The tried-and-true alternatives to detaining immigrant families
By Ruthie Epstein
With his hastily issued executive order on family separation last week, President Trump presented America with a false choice: If you don’t want me to tear infants from their mother’s arms, I’ll just put entire families in jail.
Specifically, Trump directed the Department of Homeland Security to keep families in custody “during the pendency of any criminal improper entry or immigration proceedings involving their members.” He also directed the Department of Defense and all other federal agencies to let DHS use their facilities so that family jail space can be expanded as quickly as possible.
Trump’s plan is inhumane and wrong. The American Academy of Pediatrics and other child-welfare experts have found that jailing children and parents can severely damage their physical and mental health, even irreversibly. When President Obama expanded family detention in 2014, his actions were met with swift condemnation from immigrants’ rights, civil rights and criminal reform organizations, including the ACLU. A federal court put the brakes on that expansion, applying a longstanding rule that prohibits the detention of children in substandard facilities and favors their release.
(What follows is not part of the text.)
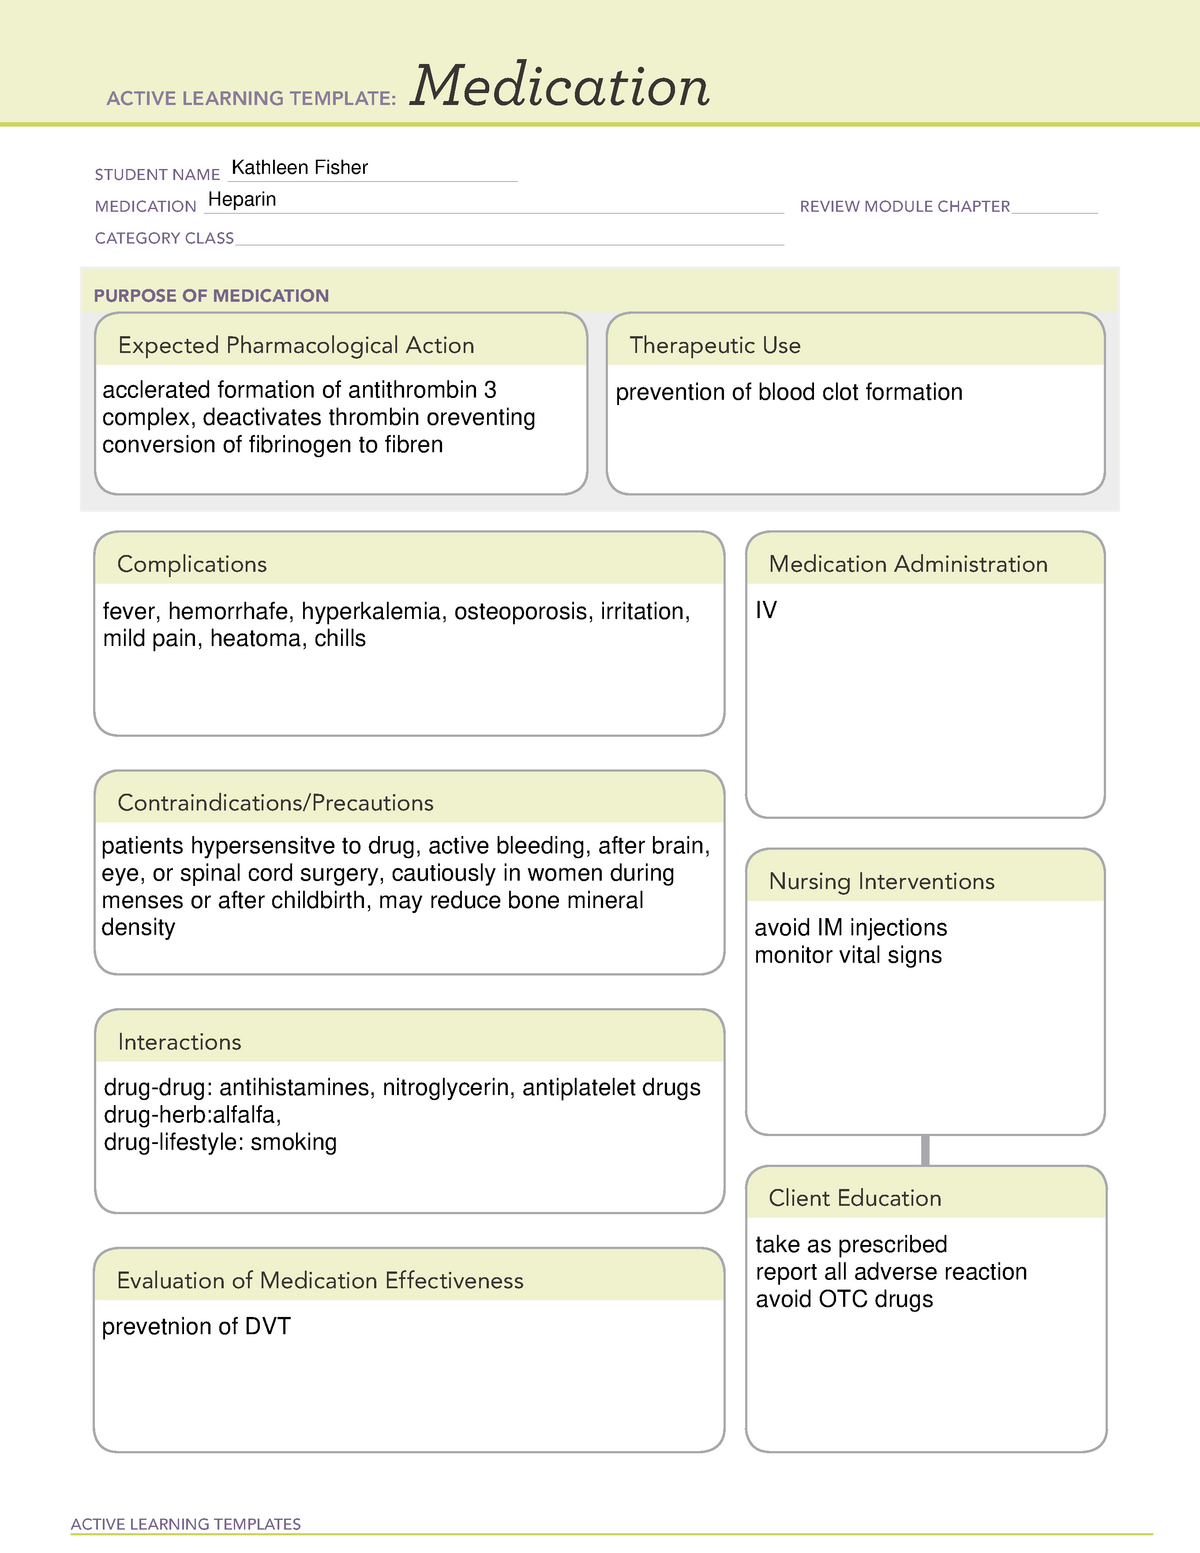 ati-medication-template-heparin
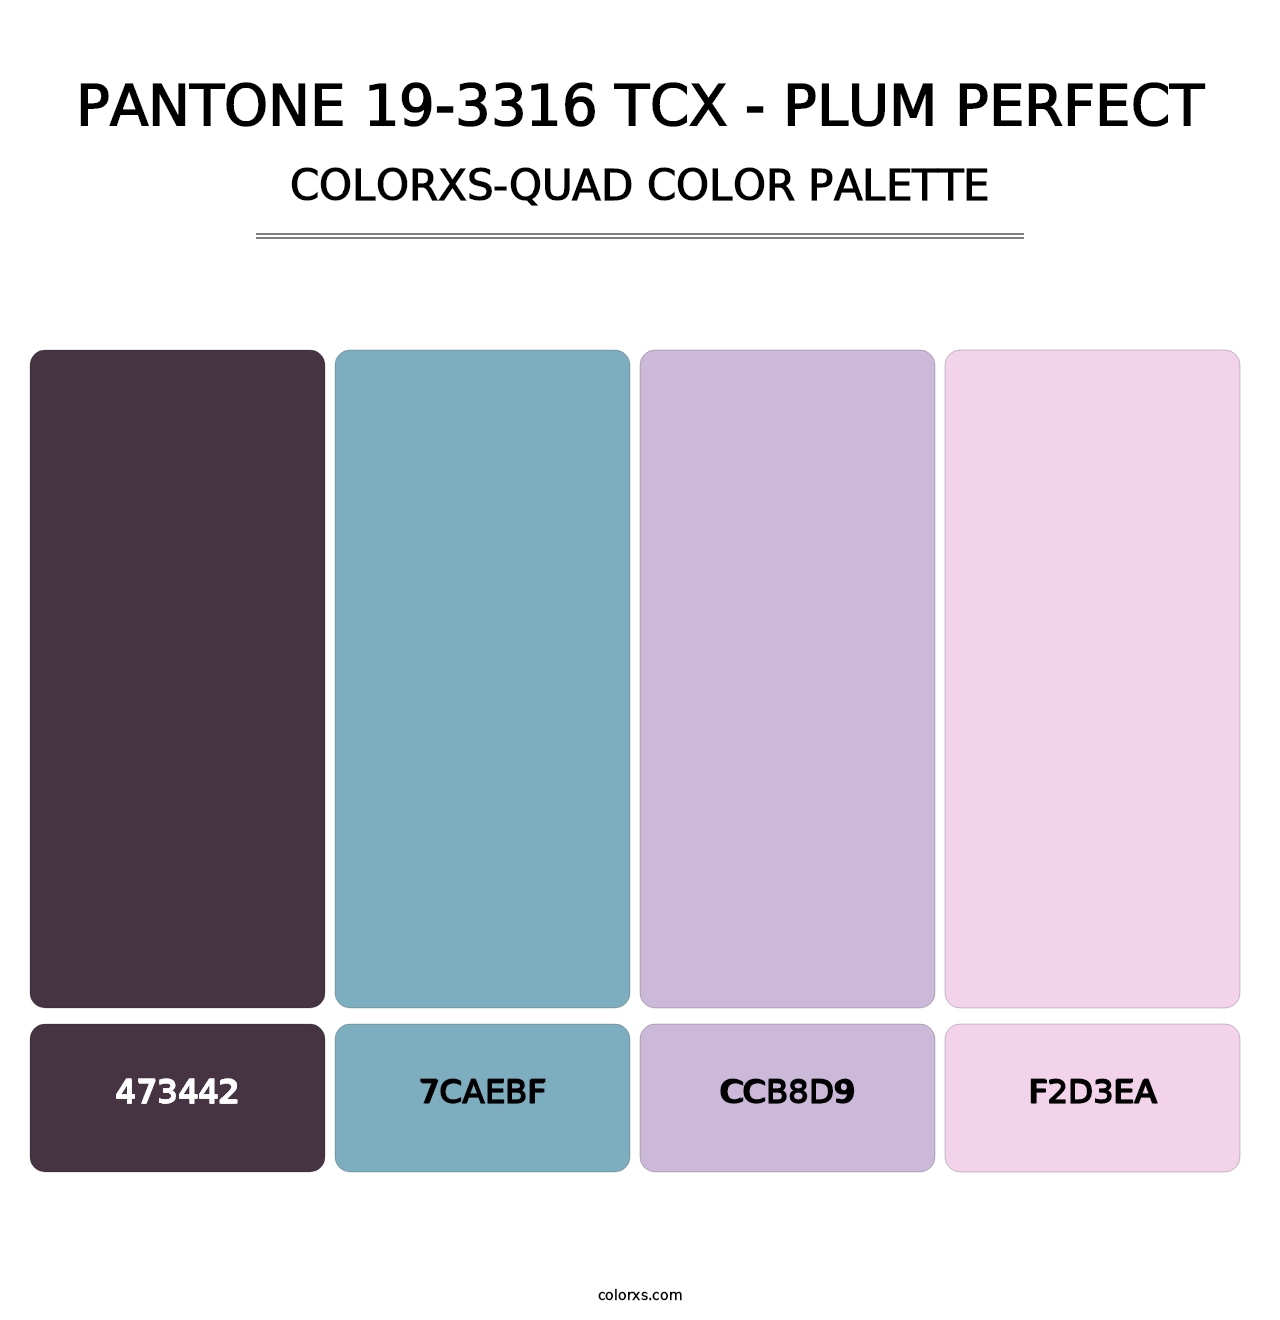 PANTONE 19-3316 TCX - Plum Perfect - Colorxs Quad Palette

Rather than jailing families who are in deportation proceedings, the government should release anyone who is not a flight risk or whose flight risk can be mitigated by an alternative to detention. Such alternatives are designed to ensure court appearance and compliance with any final court orders, but they do even more: They allow families to live outside prison walls while their cases move through the system. That allows them to more easily find attorneys and prepare their defense — and non-detained immigrants with legal representation are far more likely to win legal relief. It also means that parents can raise their own children as normally as possible, limiting the long-term trauma to the families.
Despite these obvious advantages, in June 2017, the Trump administration canceled the Family Case Management Program, which was run by Immigration and Customs Enforcement as an alternative to detention for families seeking asylum. The program operated in five regions: New York City/Newark, Los Angeles, Chicago, Miami, and Baltimore/Washington, D.C. It provided case management, referrals for support services, and legal orientation in partnership with community-based non-governmental organizations in order to make sure that vulnerable families’ most urgent needs were met and that they had the information they needed to comply with legal obligations.
The Trump administration would have you believe that releasing immigrants while their cases proceed in court encourages them to disappear from the government’s radar. That’s just false. The Family Case Management Program had a 99 percent effectiveness rate — meaning that almost every single person who was enrolled in the program showed up for all immigration appointments and court hearings. And it was fiscally responsible — just $36 per day per family, compared to $319 per day per person for family detention.
And not all families need the level of support provided by the Family Case Management Program. The government still has the option of releasing families on recognizance, bond, or parole while their cases proceed, and it should be doing so when more intensive supervision is unnecessary to mitigate flight risk. In March, the ACLU, Human Rights First, and the Center for Gender and Refugee Studies sued the administration for jailing asylum seekers indefinitely rather than following their own policy and releasing them on humanitarian parole. That case is pending.
The administration must reinstate the Family Case Management Program or other alternatives that provide families with community-based support services. It must use its authority to release families on recognizance, bond, and parole. It must reverse its plan to build new jails for children and their parents. And Congress must refuse to fund family detention beds.
Family separation is a crisis of the Trump administration’s own making — a crisis it is trying to replace with a new one. Jailing thousands of asylum-seeking families is unnecessary and the wrong way forward. If the president thinks his executive order will bring the nationwide outrage over his border policies to an end, he is deeply mistaken.
Ruthie Epstein works in ACLU’s National Political Advocacy Department.